Launching the Graphical User Interface

Run main.py to launch the full InterPilot GUI:

python main.py

In the GUI, you can perform the following operations sequentially:

  • Start Recording: Click the "Start Recording" button. The program will generate a unique filename and start recording audio.
  • Stop Recording: Click the "Stop Recording" button to end the recording. The audio file is saved in the output directory.
  • Transcribe Audio: After recording (or manually triggering), the transcription module converts the audio to text and displays it in the interface.
  • Send to LLM: Once transcription is complete, the text can be sent to the LLM to generate an AI response, which will be displayed with Markdown support.
  • Modify Transcribed Text and Resend to LLM if needed.

If you prefer running the tool in a command-line mode, you can use main_cmd.py:

python main_cmd.py

Notes

  • Recording Devices: Depending on your system, you may need to adjust SPEAKER_DEVICE_INDEX and MIC_DEVICE_INDEX in config.ini.
  • Environment Variables: Ensure FFmpeg is installed and added to the PATH; otherwise, audio processing might be affected.
  • Testing: It is recommended to test each module individually to confirm that audio recording, transcription, and LLM response work correctly before running the full GUI.

Handling Screen Sharing and UI Hiding (if you wish to keep the tool hidden during meetings)

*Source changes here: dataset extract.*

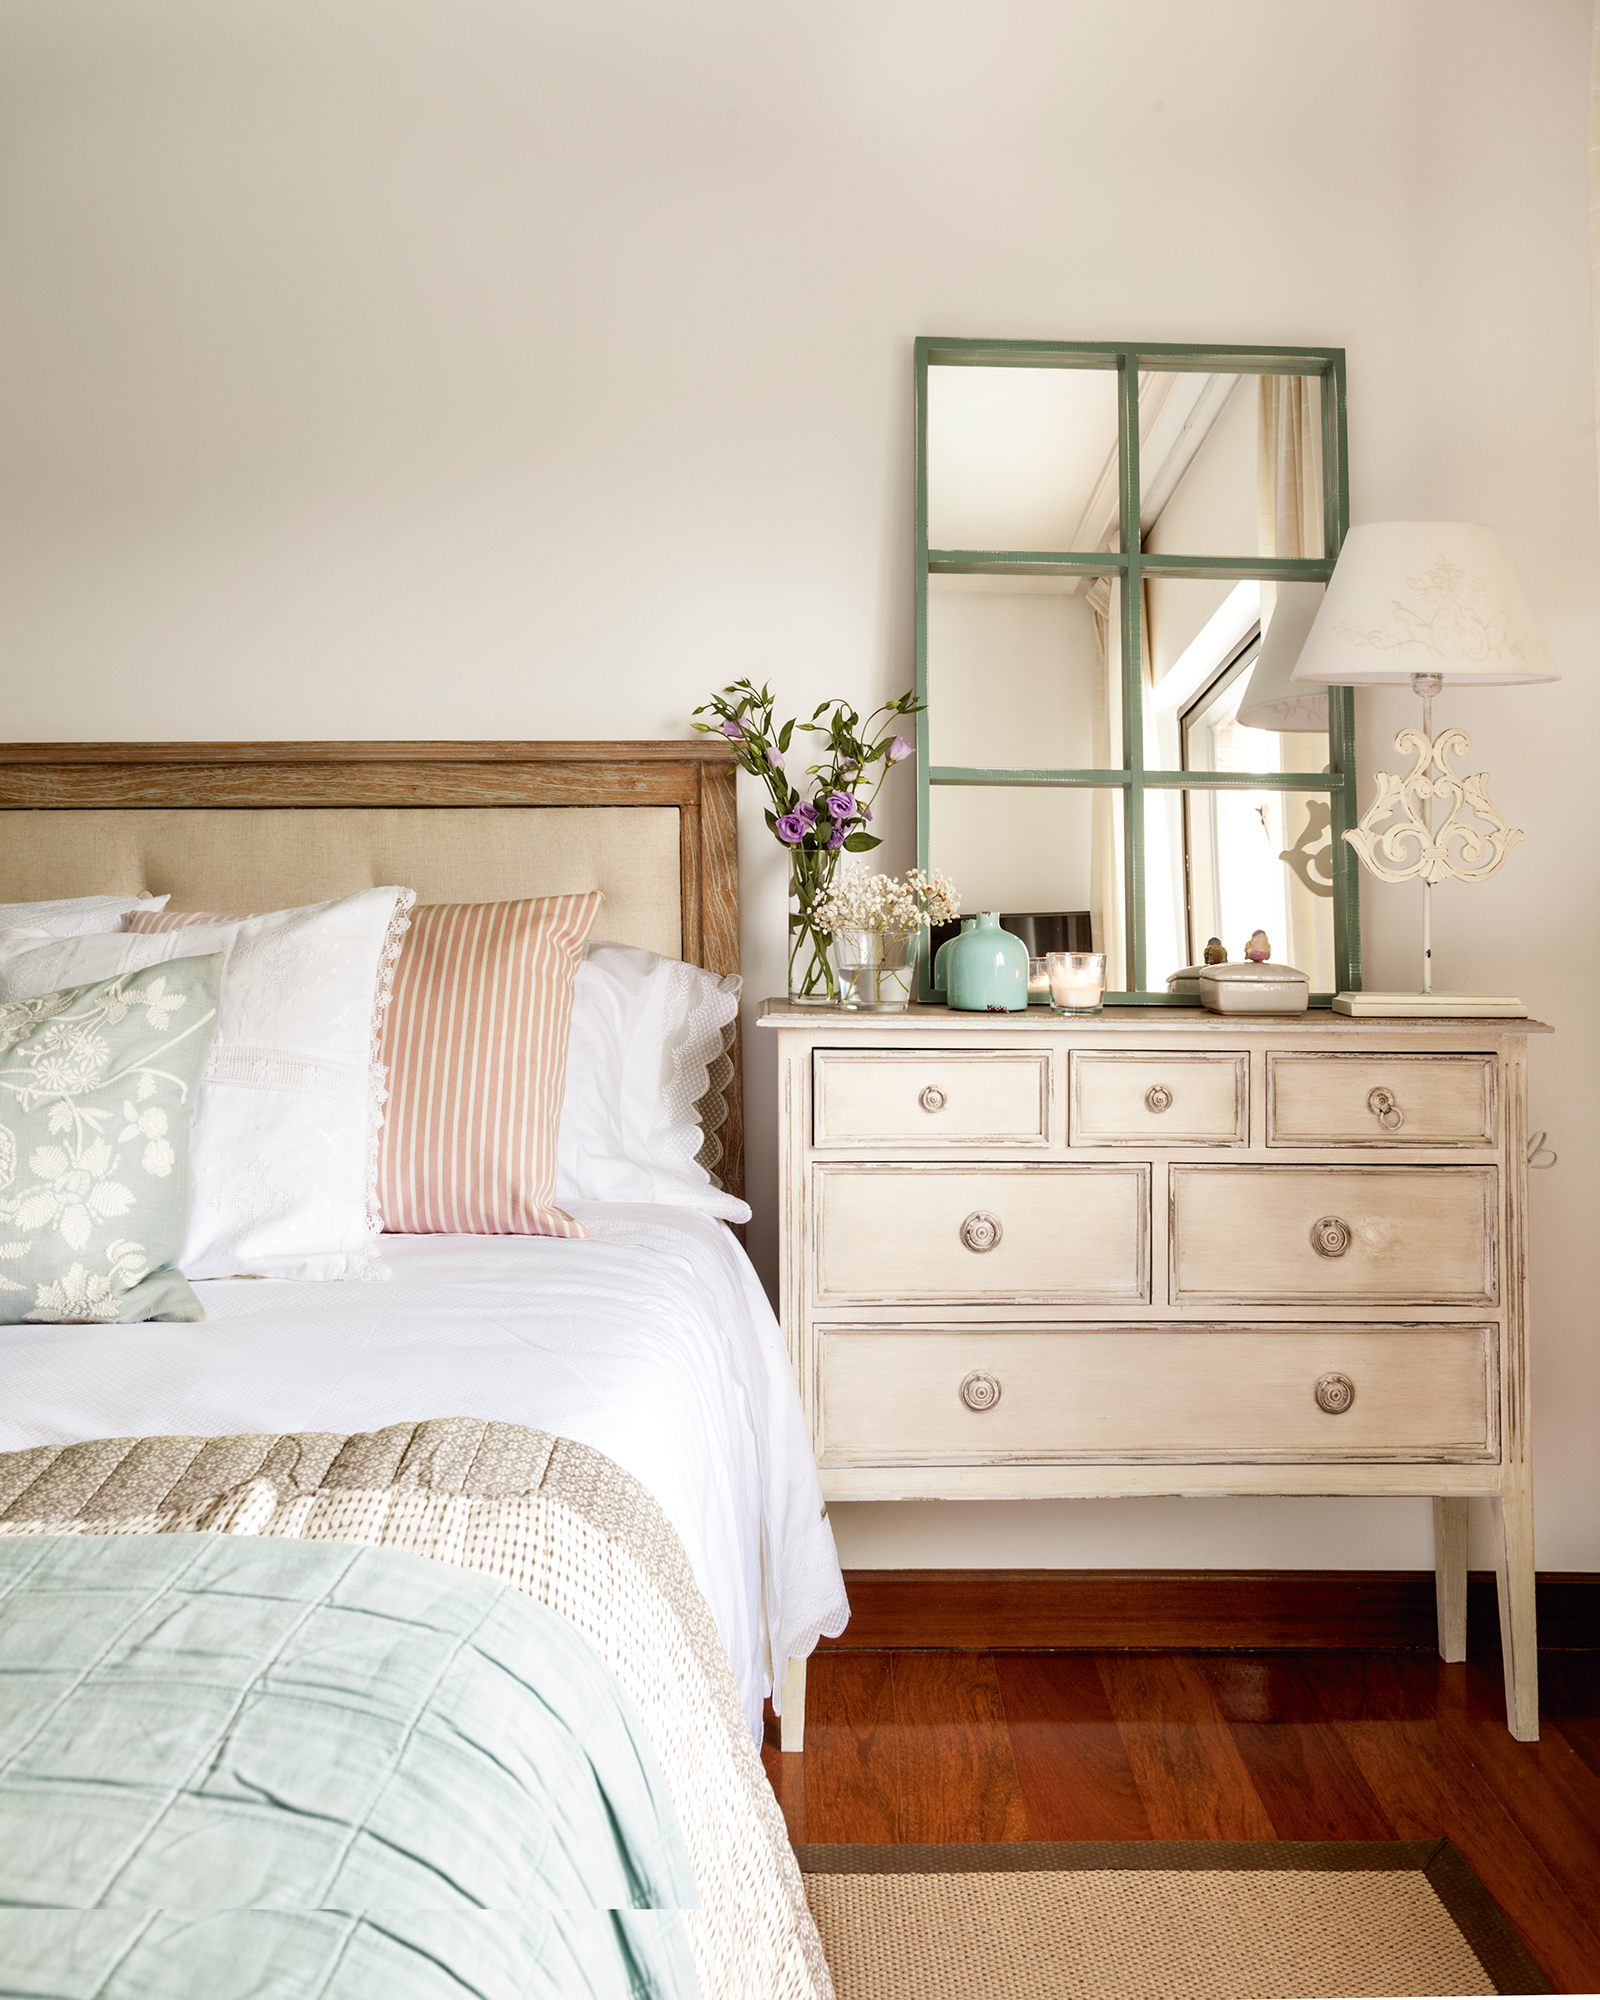 Guardar En El Dormitorio Más De 15 Ideas Prácticas Y Capaces

  • Use shalzuth/WindowSharingHider to hide the UI—an excellent tool that is both convenient and effective!
  • Taskbar Icon Hiding:
    • You can use Windows’ built-in taskbar icon hiding features, or simply move the taskbar to a secondary monitor.
    • Alternatively, you may find third-party hiding tools (feel free to search for one that suits your needs).
  • Using turbotop can keep the window always on top—another very useful tool.
  • Important: The order of operations may affect the outcome:
    • First, use turbotop to set the window to always on top.
    • Then, use WindowSharingHider to hide the UI.
    • If the results are not satisfactory, try altering the order.

Usage Comparison

TODO

  • Add more detailed usage examples or screenshots (GUI operation examples, terminal output, etc.) in the README.
  • Integrate a voice generation feature (TTS) – already tested and pending integration.
  • Add functionality for simultaneous recognition of both microphone and speaker audio.
  • Add a feature to upload screenshots and send them to the LLM.
  • Implement the taskbar icon hiding feature.

Contribution

Contributions are welcome! Feel free to submit issues or pull requests to help improve the tool. If you have any suggestions or improvements, please contact us.

⚠️ Disclaimer

This project is intended solely for technical learning and research purposes. It must not be used for:

  • Any form of interview cheating.
  • Infringing on others’ privacy or trade secrets.
  • Any actions that violate local laws and regulations.

Users are solely responsible for any legal consequences resulting from misuse. By using this project, you acknowledge that you have read and agreed to this disclaimer.

License

This project is licensed under the Creative Commons Attribution-NonCommercial 4.0 International (CC BY-NC 4.0) license.
This means you are free to share and modify the project’s contents for non-commercial purposes only.